Adding that this should work for variables as well since they haven't been mentioned within this issue yet. I landed on this issue when I wasn't allowed to strongly type the SiteProperties that I'm reusing between function and function slot:
Desired - type checking:
var functionProperties SiteProperties = {
serverFarmId: appServicePlan.id
httpsOnly: true
siteConfig: {
webSocketsEnabled: false
use32BitWorkerProcess: false
}
}
resource functionApp 'Microsoft.Web/sites@2021-03-01' = {
name: functionAppName
location: targetResourceGroup
kind: 'functionapp'
identity: {
type: 'SystemAssigned'
}
properties: functionProperties
}
resource functionAppSlot 'Microsoft.Web/sites/slots@2021-03-01' = {
parent: functionApp
name: functionAppSlotName
location: targetResourceGroup
kind: 'functionapp'
identity: {
type: 'SystemAssigned'
}
properties: functionProperties
}Actual - no type checking 😢
var functionProperties = {
serverFarmId: appServicePlan.id
httpsOnly: true
siteConfig: {
webSocketsEnabled: false
use32BitWorkerProcess: false
}
}
resource functionApp 'Microsoft.Web/sites@2021-03-01' = {
name: functionAppName
location: targetResourceGroup
kind: 'functionapp'
identity: {
type: 'SystemAssigned'
}
properties: functionProperties
}
resource functionAppSlot 'Microsoft.Web/sites/slots@2021-03-01' = {
parent: functionApp
name: functionAppSlotName
location: targetResourceGroup
kind: 'functionapp'
identity: {
type: 'SystemAssigned'
}
properties: functionProperties
}
Adding some notes from #6624
I like the simplicity of referring to the types using the symbolic name. I like typeof rather than 'type' or 'of type' and I like referencing the symbolic names of defined resources. This should allow types to propagate up from modules.

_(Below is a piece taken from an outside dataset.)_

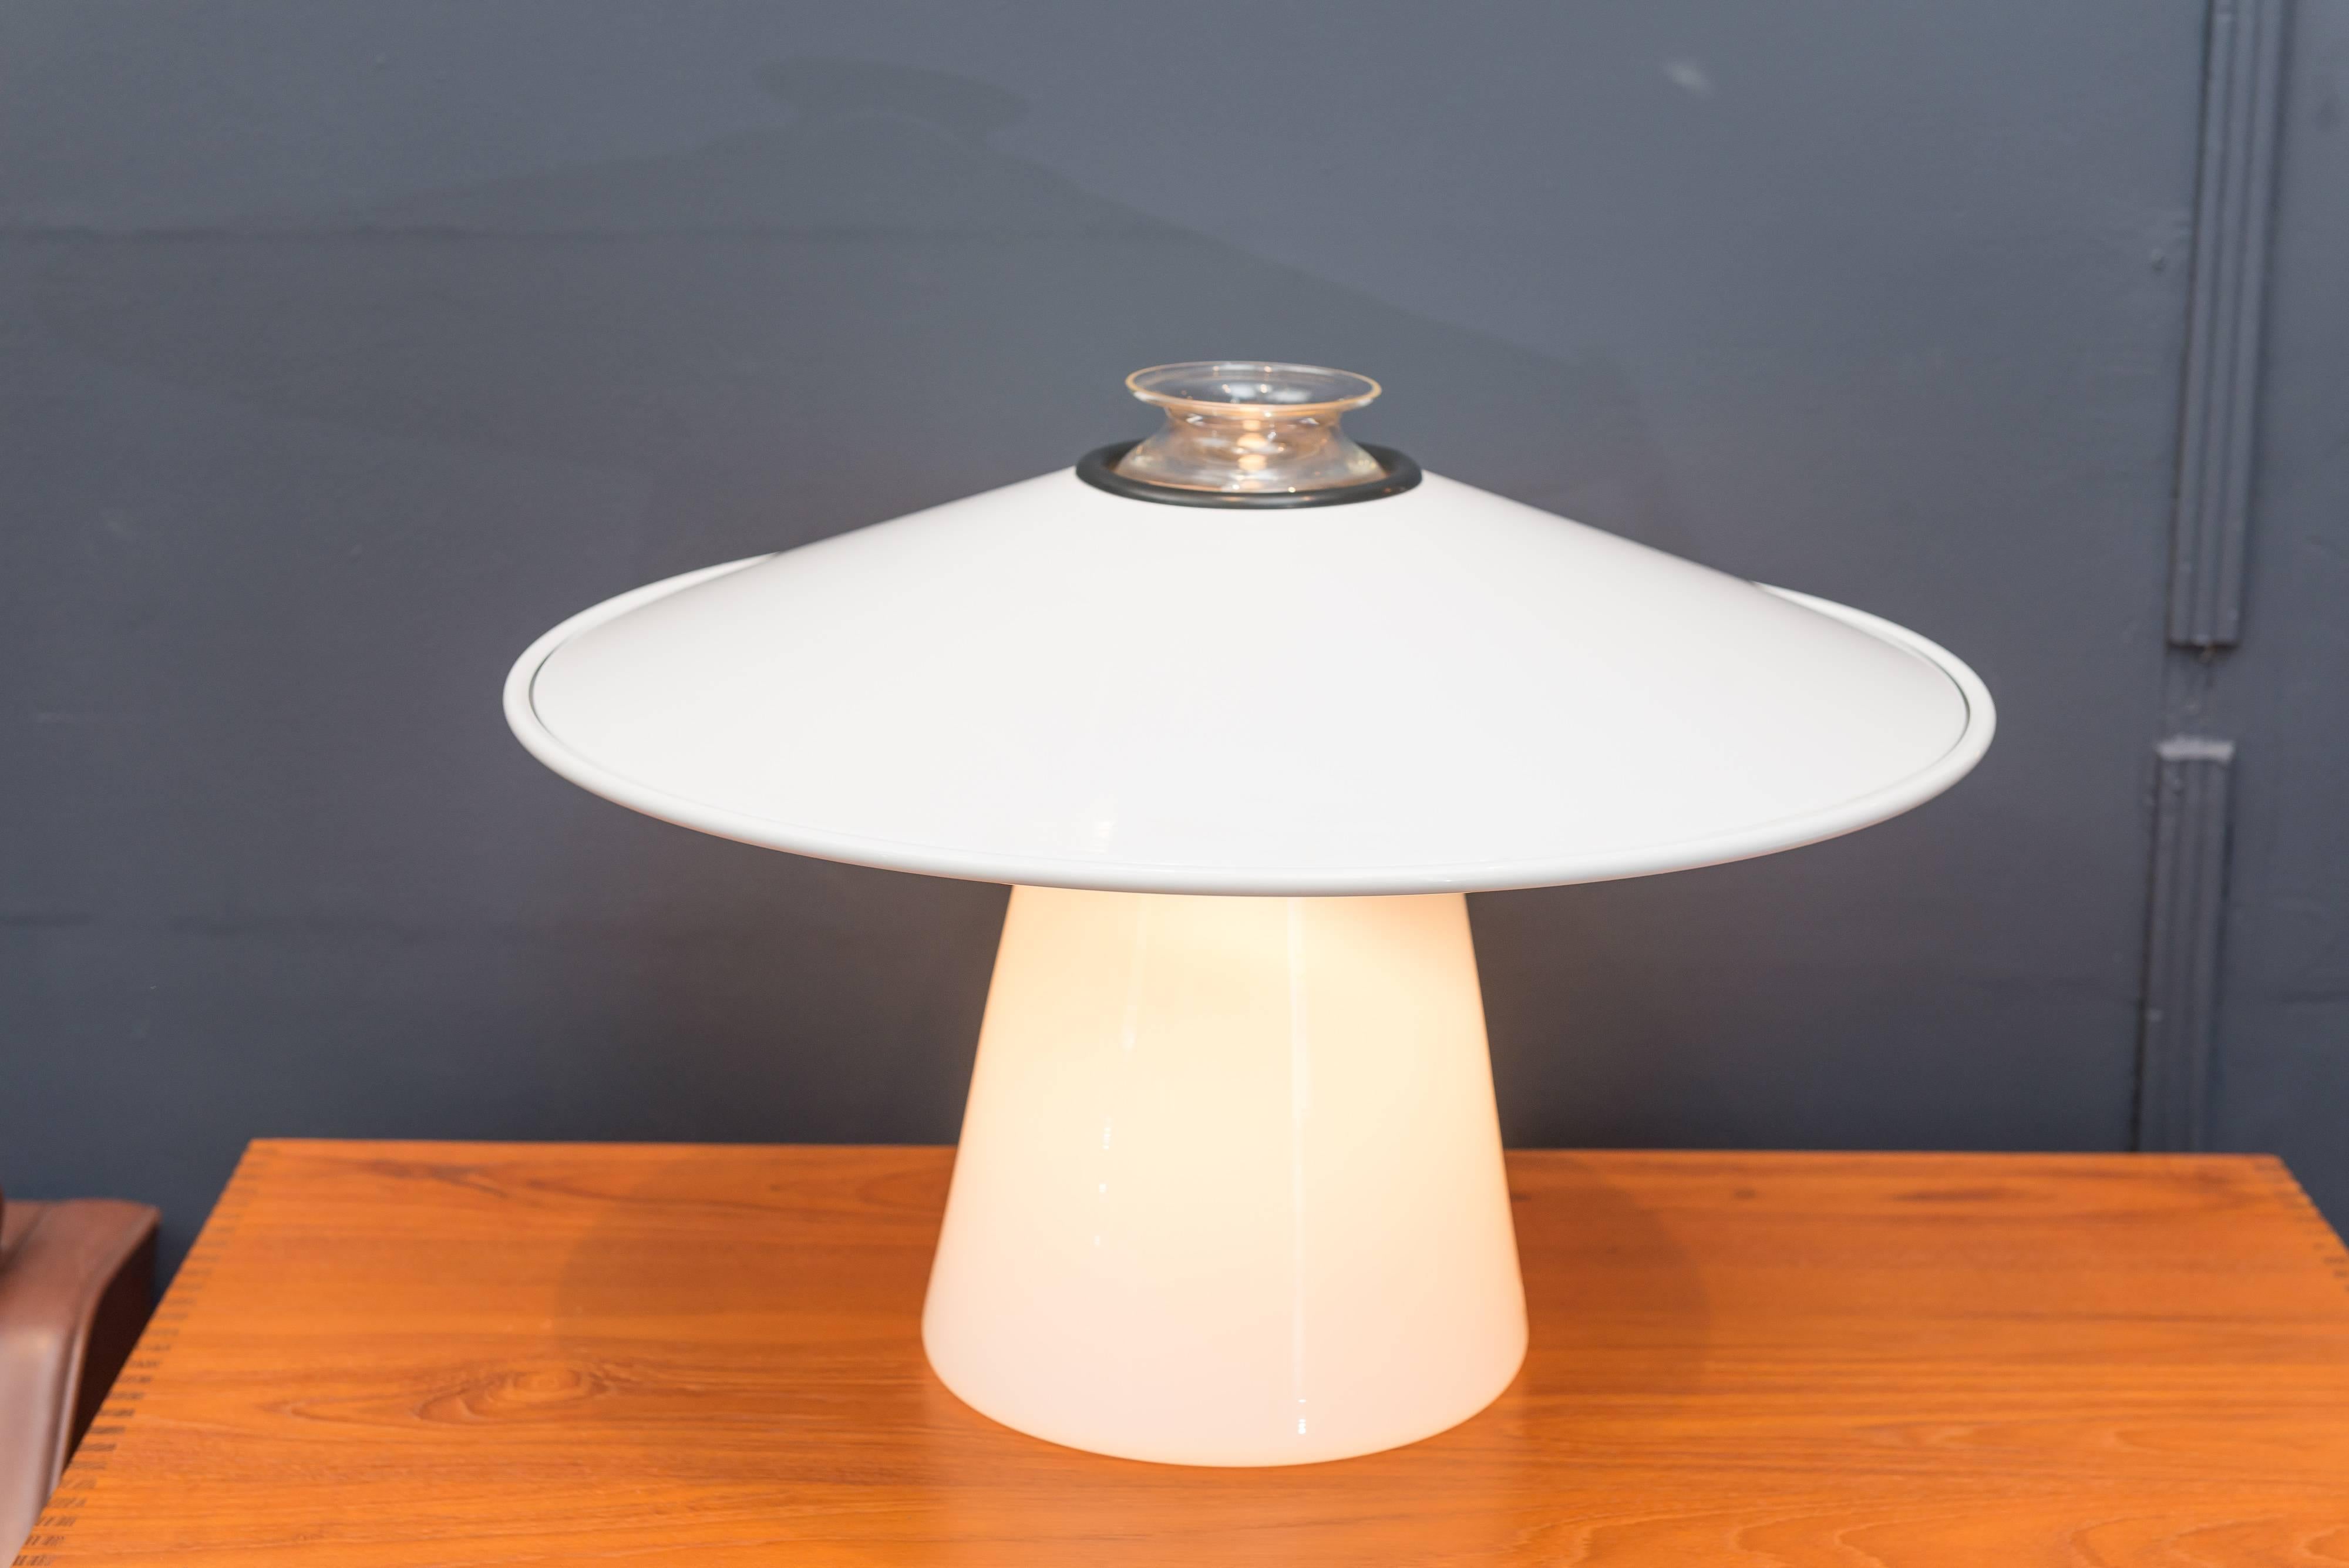 Stilnovo illuminated blown glass table with a white enamel adjustable tilting shade. Excellent condition, labeled.

In addition to the coding experience, where ever possible the bicep build command should implement what it can in the ARM template - description, validations, enums and ranges are what I would expect.
param storageAcctName string
param azRegion string
param skuName string typeof objStorAcct.skuName.name = 'Standard_LRS'
param accessTier string typeof objStorAcct.properties.accessTier = 'Hot'
param kind string typeof objStorAcct.kind = 'StorageV2'
resource objStorAcct 'Microsoft.Storage/storageAccounts@2021-01-01' = {
name: storageAcctName
location: azRegion
properties: {
accessTier: accessTier
}
sku: {
name: skuName
}
kind: kind
}I'd like to throw in the possibility of using a type decorator, which might be easier to parse, although it makes the code larger
@type(objStorAcct.skuName.name)
param skuName string = 'Standard_LRS'
@type(objStorAcct.properties.accessTier )

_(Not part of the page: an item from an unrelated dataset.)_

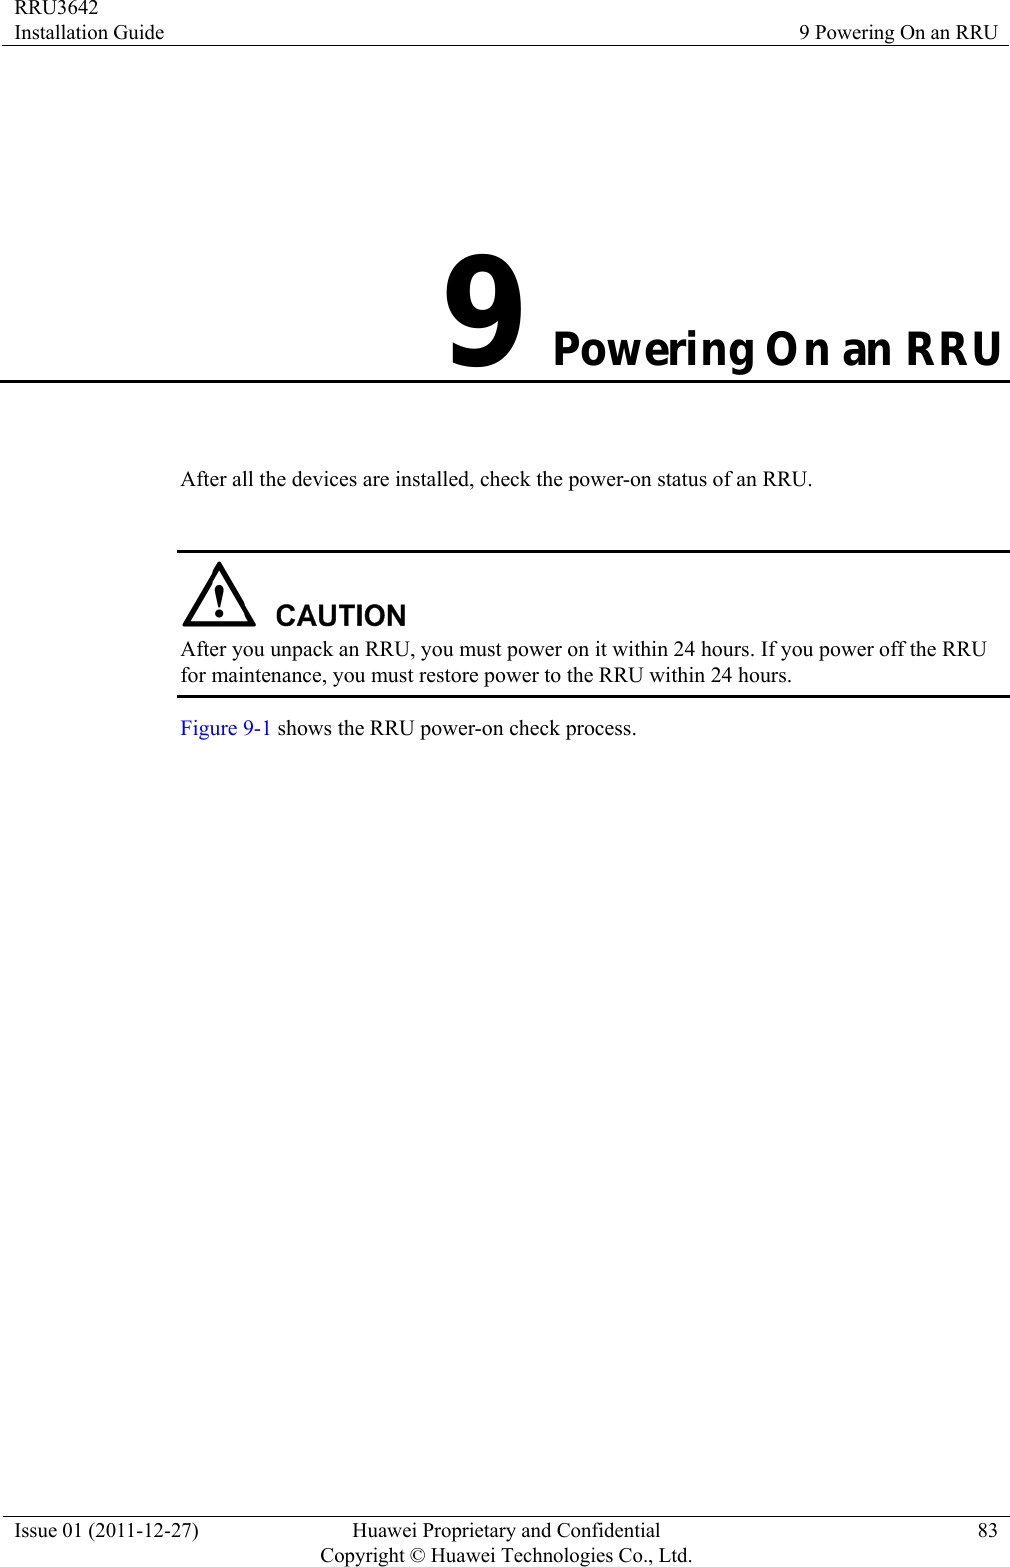 RRU3642 Installation Guide  9 Powering On an RRU Issue 01 (2011-12-27)  Huawei Proprietary and Confidential         Copyright © Huawei Technologies Co., Ltd.83 9 Powering On an RRU After all the devices are installed, check the power-on status of an RRU.   After you unpack an RRU, you must power on it within 24 hours. If you power off the RRU for maintenance, you must restore power to the RRU within 24 hours. Figure 9-1 shows the RRU power-on check process.

param accessTier string = 'Hot'
@type(objStorAcct.kind )
param kind string = 'StorageV2'Vars and objects are key to this - build-up of objects is getting pretty common in Bicep files, although its going to get complicated:
param storageAcctName string
param azRegion string
param skuName string typeof objStorAcct.skuName.name = 'Standard_LRS'
param accessTier string typeof objStorAcct.properties.accessTier = 'Hot'
param kind string typeof objStorAcct.kind = 'StorageV2'
//var with nested types. The accessTier property would have to validate the accessTier param
var props typeof objStorAcct.properties = {
accessTier: accessTier
}
resource objStorAcct 'Microsoft.Storage/storageAccounts@2021-01-01' = {
name: storageAcctName
location: azRegion
properties: props
sku: {
name: skuName
}
kind: kind
}I think global types would be helpful:
param azRegion string typeof azure.regionFinally, I think auto types might be hard to understand and @Schema decorator kind of defeats the purpose.
I like the idea of auto but I think the string typeof xxx is far from being useful. What is wrong with extending the types instead. The annotation for allowed values can be replaced with the concept of typing and support of enumerations.
The only case would be the use of typeof which can be a build-in function to resolve the type from string or literal specification of the type:
typeof(objStorAcct.properties)
or
typeof('Microsoft.Storage/storageAccounts@2021-01-01#xxx')
Hi, is there any progress or decisions/design regarding this topic. It would be a gamechanger to have this implemented.
We are definitely going to implement something to enable strong typing -- both completely custom and with the ability to reference subschemas from resource types (or possibly elsewhere) through a typeof kind of functionality.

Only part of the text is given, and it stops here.